Pirsig and his son ride with his close friends John and Sylvia. They have an expensive BMW motorcycle and John, like most of us, wants to enjoy driving it without getting into maintenance and technological problems.  The handlebars of John’s BMA started slipping, and Pirsig is offering to shim them with a can of beer. He writes:

“I thought this was pretty clever myself. Save him a trip to God knows where to get shim stock. Save him time. Save him money. But to my surprise, he didn’t see the cleverness of this at all…. As far as I know, those handlebars are still loose. And I believe now that he was actually offended at the time. I had had the nerve to propose repair of his new eighteen-hundred dollar BMW, the pride of a half-century of German mechanical finesse, with a piece of old beer can!….What emerged in vague form at first and then in sharper outline was the explanation that…I was going at it in terms of underlying form. He was going at it in terms of immediate appearance. I was seeing what the shim meant. He was seeing what the shim was… Who likes to think of a beautiful precision machine fixed with an old hunk of junk?”
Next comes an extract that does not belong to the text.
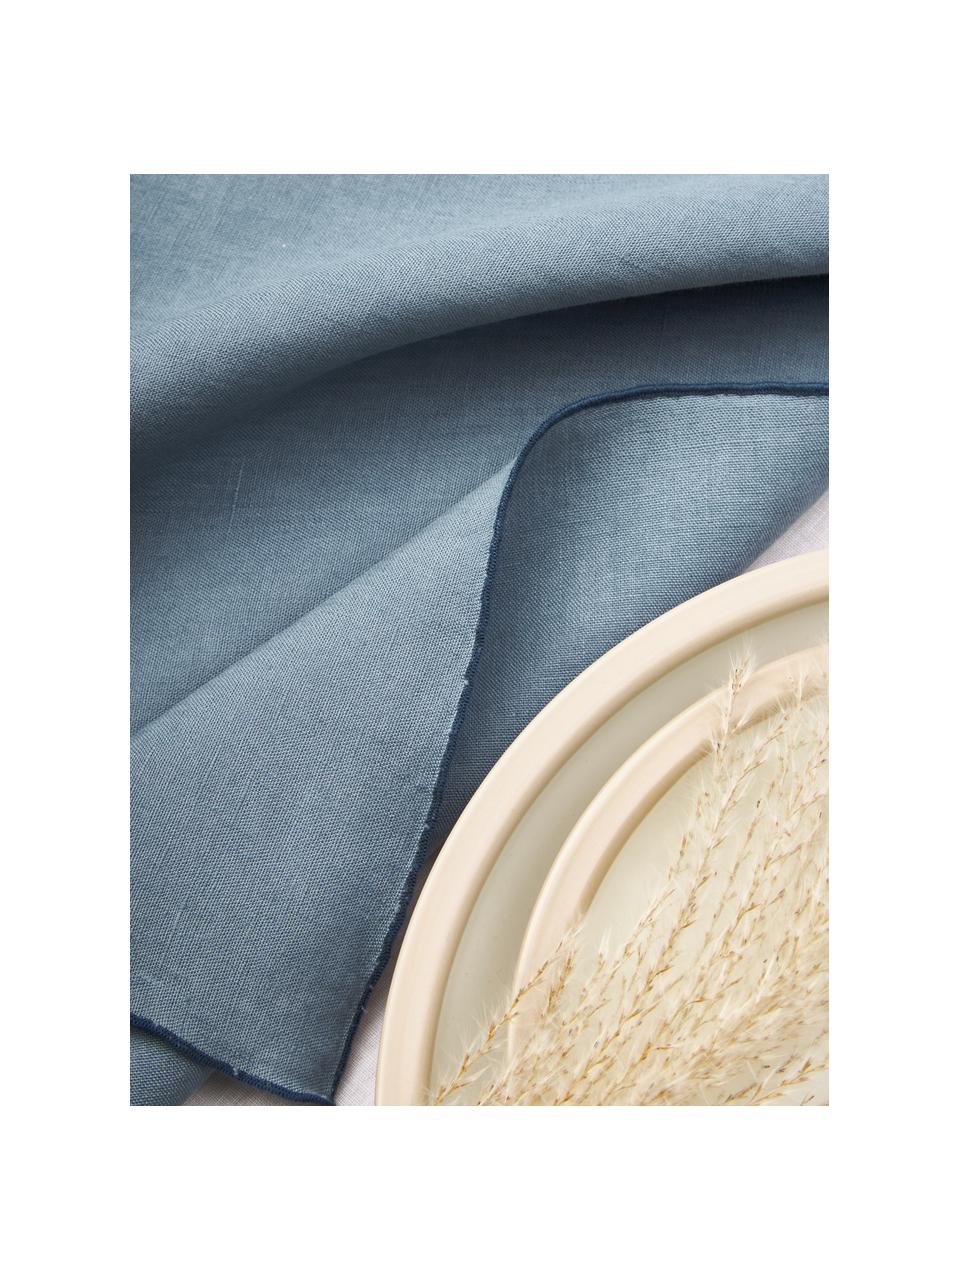 Serwetka z lnu Kennedy, 4 szt., 100% len prany z certyfikatem European Flax, Niebieski, S 45 x D 45 cm

Should you ask how this story is connected to al-Jazari?  Without any discussions or explanations, he used a Walnut as a buoy. To me, this is identical to using a beer can as a shim, i.e., looking at things in terms of the underlying form. I would like to finish in a quote from Pirsig on the essence and form. If I replaced steel with copper, Al-Jazari (in my opinion) would agree with every word:

” I’ve noticed that people who have never worked with steel have trouble seeing this—that the motorcycle is primarily a mental phenomenon. They associate metal with given shapes—pipes, rods, girders, tools, parts—all of them fixed and inviolable, and think of it as primarily physical. But a person who does machining or foundry work or forger work or welding sees “steel” as having no shape at all. Steel can be any shape you want if you are skilled enough, and any shape but the one you want if you are not.”